Des principes de l’économie politique et de l’impôt

CHAPITRE XXVIII.

DE LA VALEUR COMPARATIVE DE L’OR, DU BLÉ, ET DE LA MAIN-D’ŒUVRE, DANS LES PAYS RICHES ET DANS LES PAYS PAUVRES.


« L’or et l’argent comme toute autre marchandise, dit Adam Smith, cherchent naturellement le marché où l’on donne le meilleur prix pour les avoir. Or, pour quelque denrée que ce soit, ce meilleur prix sera toujours offert par le pays qui est le plus en état de le donner. Le travail, comme il faut toujours se le rappeler, est le prix qui, en dernière analyse, paie tout, et dans deux pays ou le travail sera également bien récompensé, le prix du travail en argent sera en proportion du prix des subsistances. L’or et l’argent s’échangeront donc naturellement contre une plus grande quantité de subsistances dans un pays riche que dans un pays pauvre, dans un pays où les subsistances abondent, que dans un pays qui n’en est que médiocrement fourni. »

Mais le blé est une marchandise, ainsi que l’argent et les autres choses ; or, si toutes les marchandises ont une grande valeur échangeable dans un pays riche, on ne doit pas en excepter le blé. Il pourrait donc être exact de dire, en ce cas, que le blé s’échange contre une grande quantité de monnaies, parce qu’il est cher, et que la monnaie s’échange de même contre une grande quantité de blé, parce qu’elle est chère aussi, ce qui serait affirmer que le blé est à la fois cher et à bon marché. Il n’y a pas de principe qui puisse être mieux établi en économie politique que celui par lequel on reconnaît qu’un pays riche, de même qu’un pays pauvre, est retenu dans l’accroissement de sa population par la difficulté progressive d’obtenir des subsistances. Cette difficulté doit nécessairement faire hausser le prix relatif des subsistances et en encourager l’importation. Comment se peut-il que la monnaie d’or ou d’argent s’échange contre plus de blé dans les pays riches que dans les pays pauvres ? Ce n’est guère que dans les pays riches où le blé est cher, que les propriétaires fonciers engagent la législature à prohiber l’importation du blé. A-t-on jamais entendu parler d’une loi en Amérique ou en Pologne qui défendît l’importation des produits de l’agriculture ? La nature y a mis un obstacle insurmontable en rendant la production de ces denrées beaucoup plus facile dans ces pays-là que dans les autres.

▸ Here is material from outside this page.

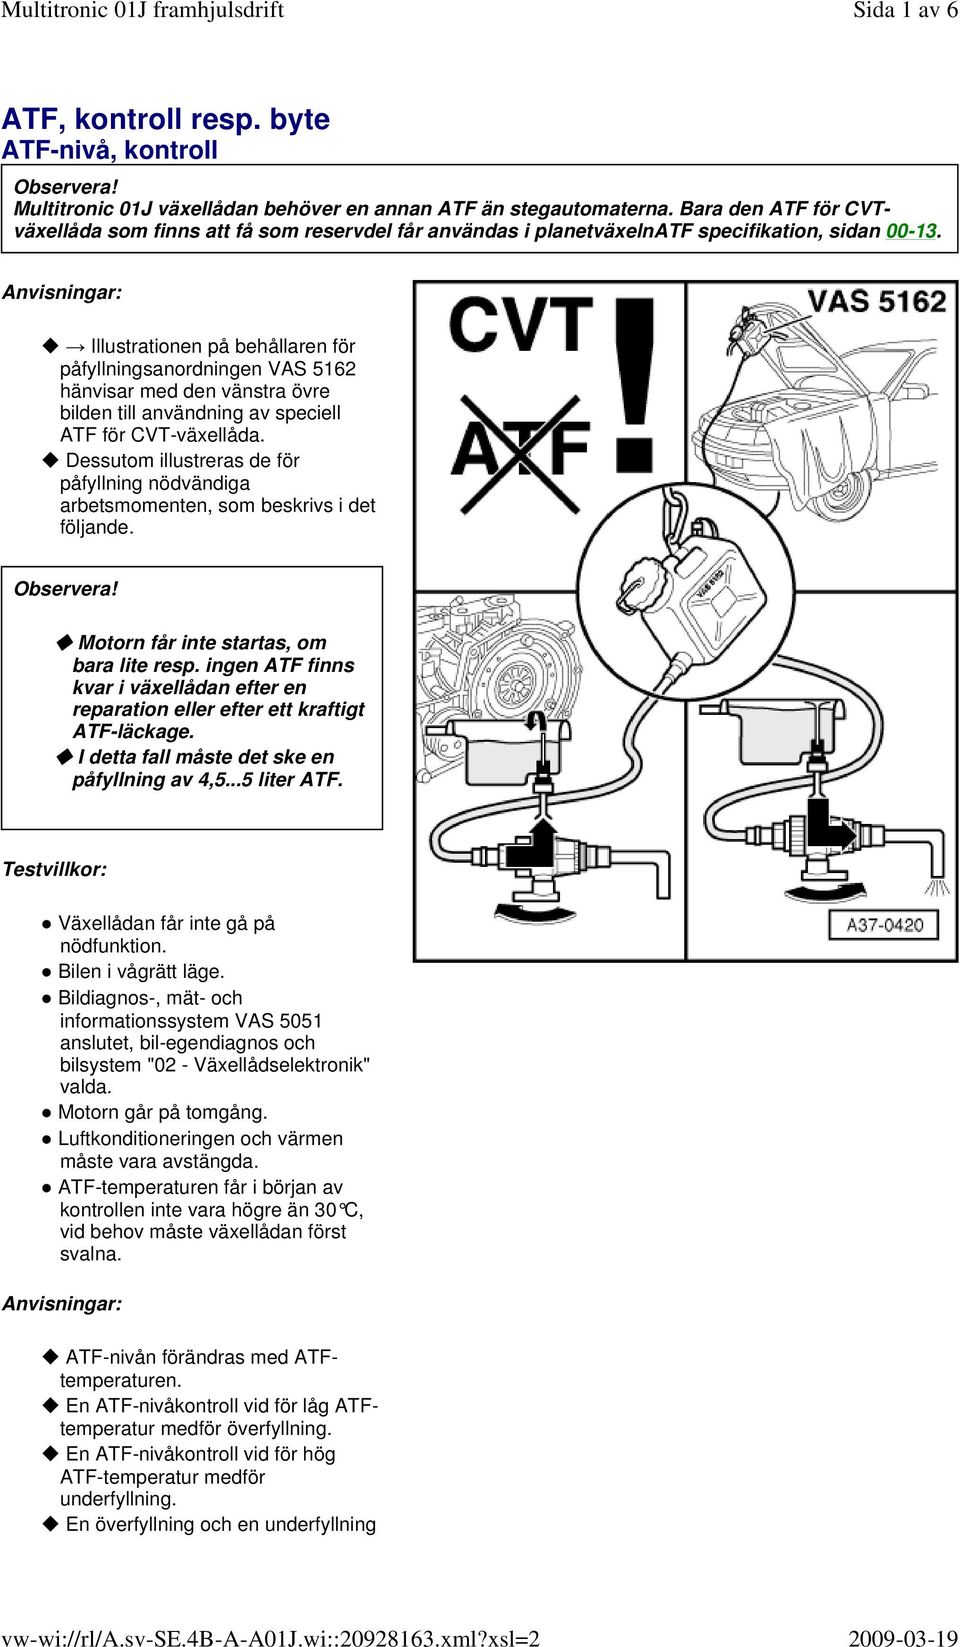 Anvisningar: Illustrationen på behållaren för påfyllningsanordningen VAS 5162 hänvisar med den vänstra övre bilden till användning av speciell ATF för CVT-växellåda.
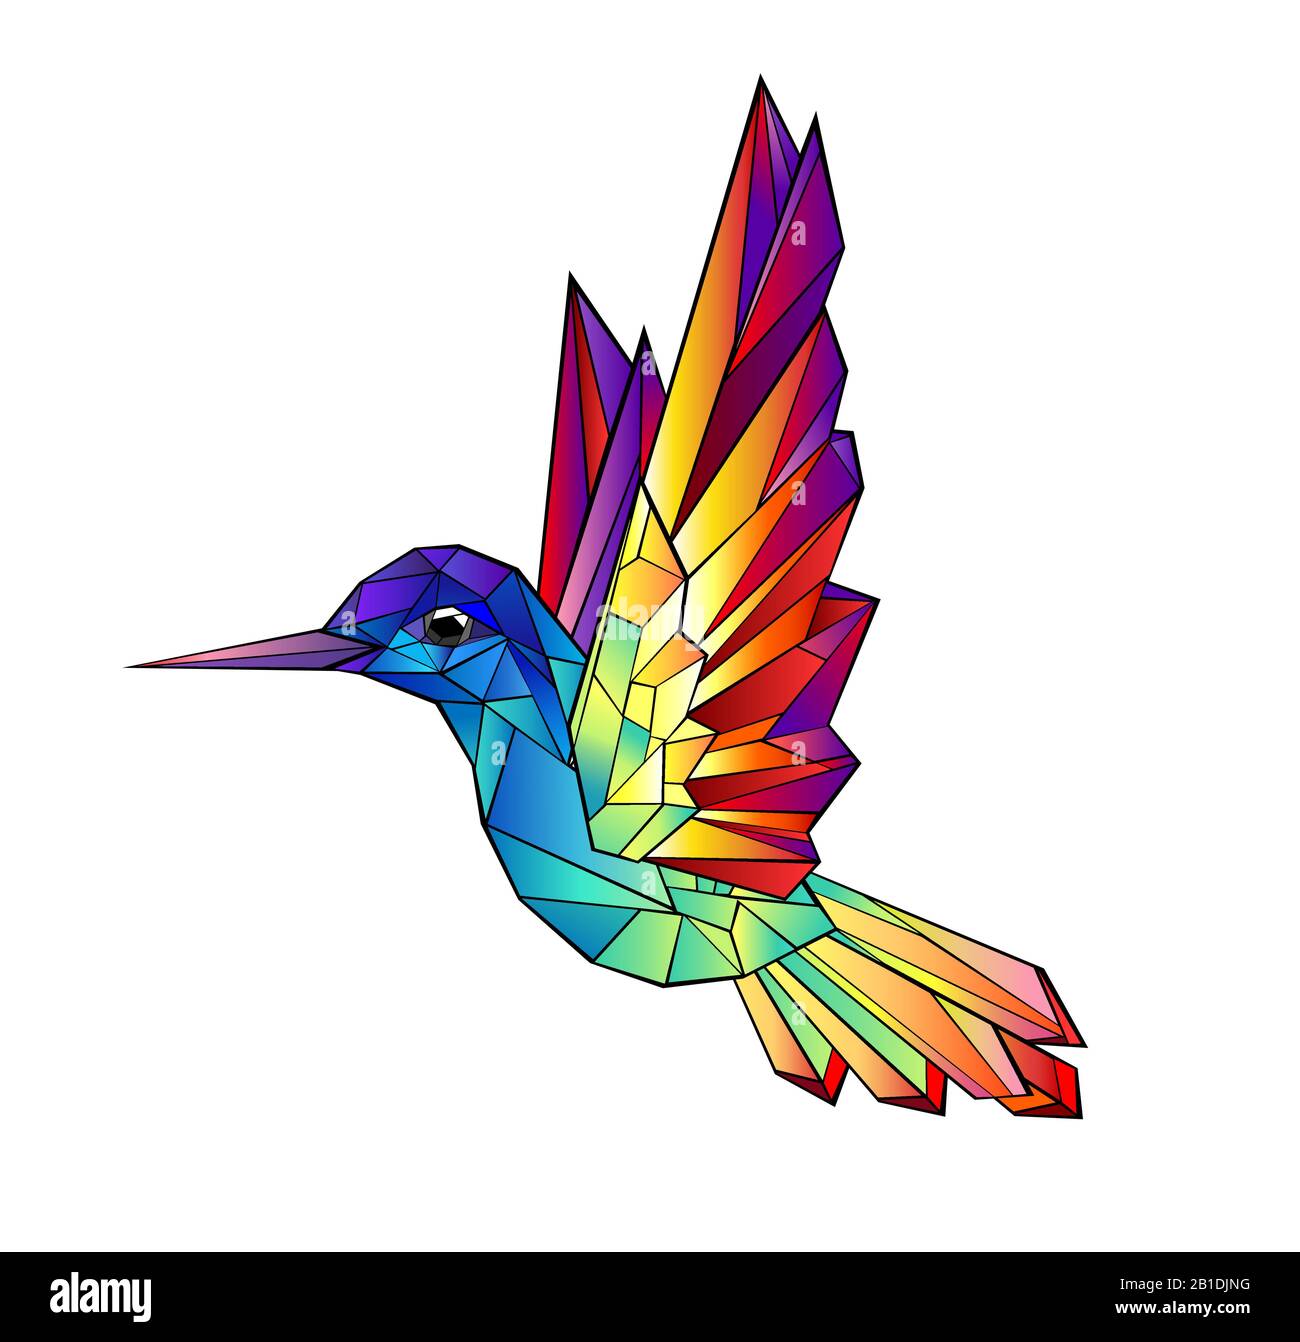 Arcobaleno artisticamente disegnato, vibrante, luminoso, hummingbirds poligonali su sfondo bianco. Stile tatuaggio. Illustrazione Vettoriale

Comment donc peut-il être vrai « qu’à l’exception du blé et d’autres substances végétales, qui sont entièrement le fruit de l’industrie de l’homme, tous les autres produits naturels, le bétail, la volaille, le gibier, les fossiles et les minéraux utiles, etc., renchérissent naturellement à mesure que la société fait des progrès ? » L’erreur du docteur Smith, dans tout le cours de son ouvrage, consiste dans la supposition que le blé a une valeur constante qui ne peut jamais monter, quoique la valeur de toutes les autres choses puisse augmenter. Selon lui, le blé a toujours une même valeur, parce qu’il sert toujours à nourrir le même nombre d’individus. On aurait autant de raison de soutenir que le drap ne change jamais de valeur, parce qu’avec une quantité donnée, on peut toujours en faire le même nombre d’habits. Qu’y a-t-il de commun entre la valeur et la propriété de servir à la nourriture et aux vêtements[1] ?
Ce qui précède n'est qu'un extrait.